Across the road, a billboard from before the war read: “Enmity with the US will not be resolved through negotiations.” From the street, a building destroyed in the strike inside the compound was hidden from view.

Several people sit together at tables in a lively café, drinking tea and sharing pastries.
Residents of Iran’s capital city emerged on Wednesday to the first day of nearly 40 free from the sound of explosions © Francisco Seco/AP

Despite the tense atmosphere, many residents of Tehran tried to continue on with their lives as best as they could.

One man, who sold generators in the city’s business district on Imam Khomeini Street, had kept his shop open throughout the war even after part of the ceiling collapsed from a nearby explosion.

He explained that, with Donald Trump repeatedly threatening to decimate Iran’s power plants if Tehran did not reopen the Strait of Hormuz, many people had been desperate to buy backup generators in case of power blackouts. “Every day, trucks would come and unload more generators,” he said.

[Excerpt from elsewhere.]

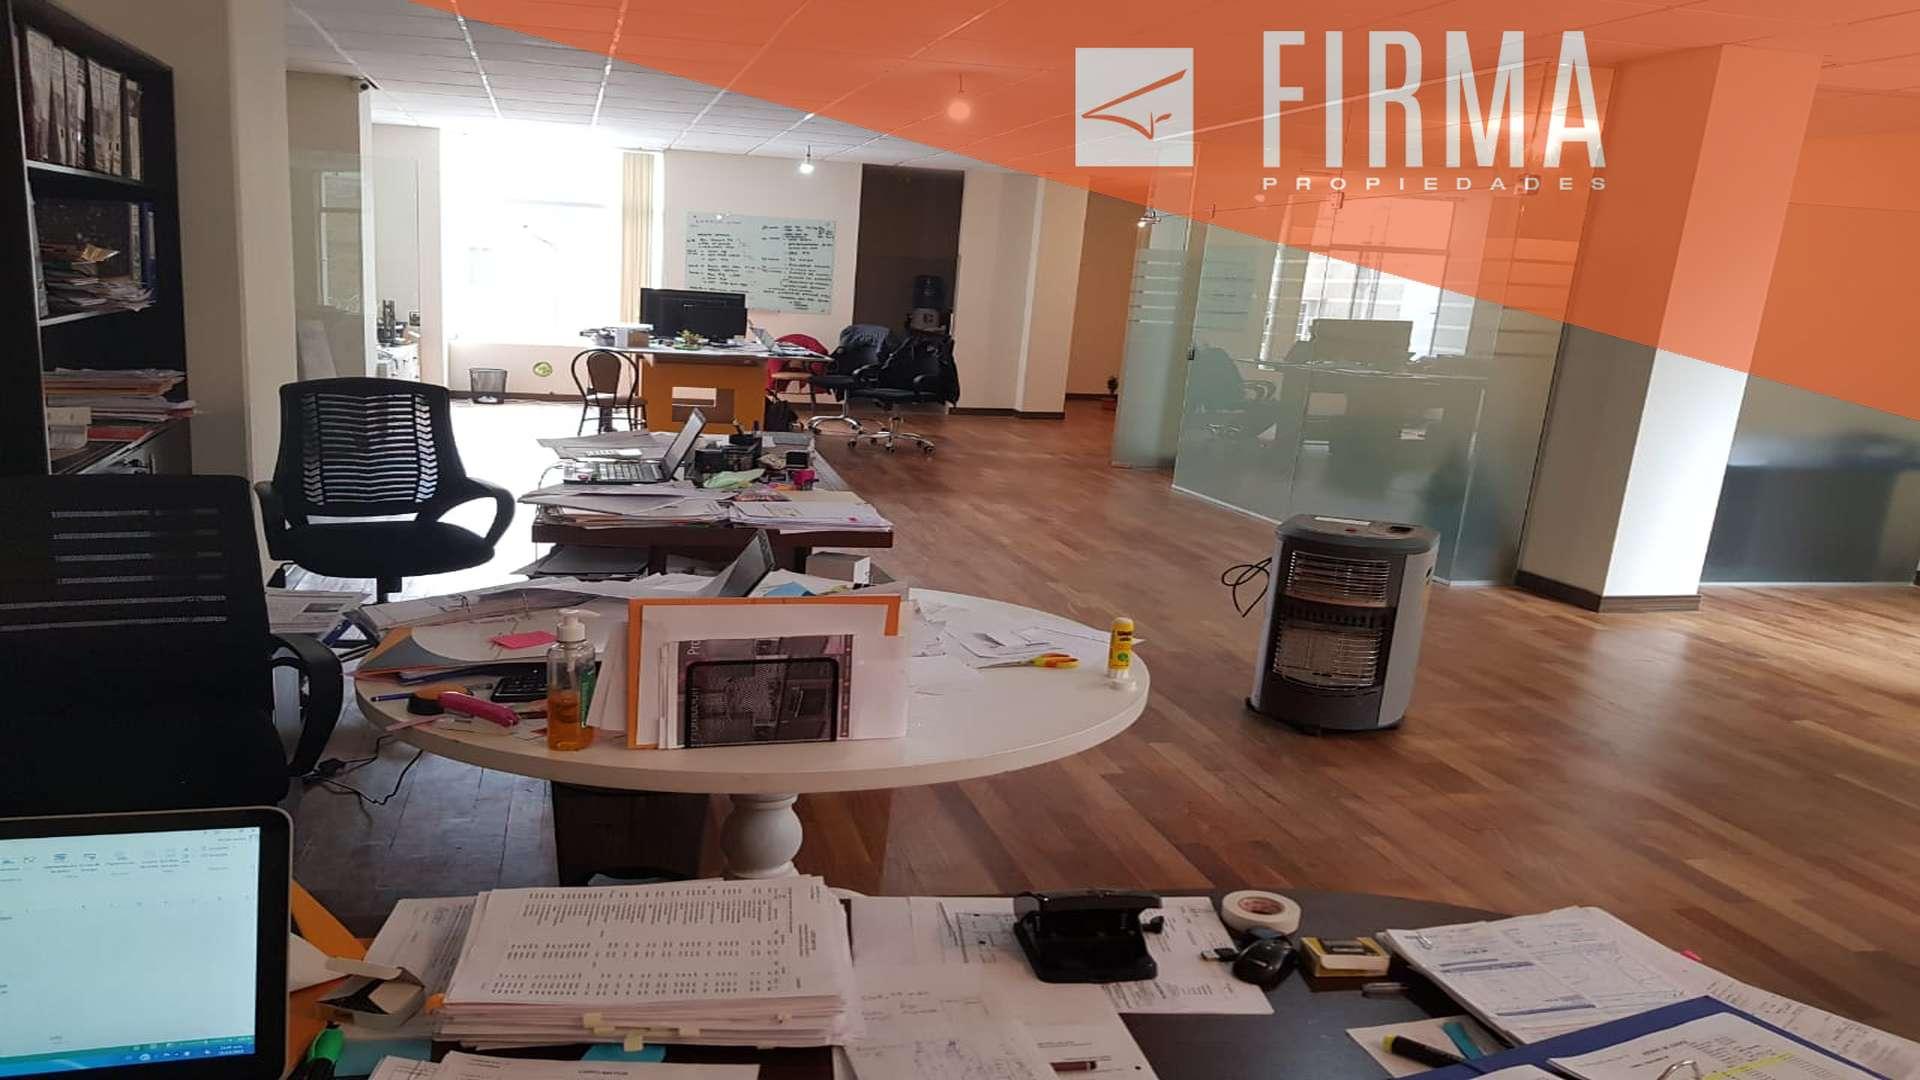 Oficina en Venta FOV31125 – COMPRA TU OFICINA EN MIRAFLORES Foto 4

Hassan, a shopping mall security guard near the Grand Bazaar, reflected widespread disdain — not only towards the US and Israel, but also the Iranian regime.

“Whatever the outcome, the Islamic republic always claims victory. They never lose. Always winners in every arena,” he said.

“We, the people, are the ones who suffer,” Hassan added. “Israel and the US will come back. I don’t think anything has changed. Decades of enmity, all those slogans, all that flag-burning — in the end, it dragged the country into war.”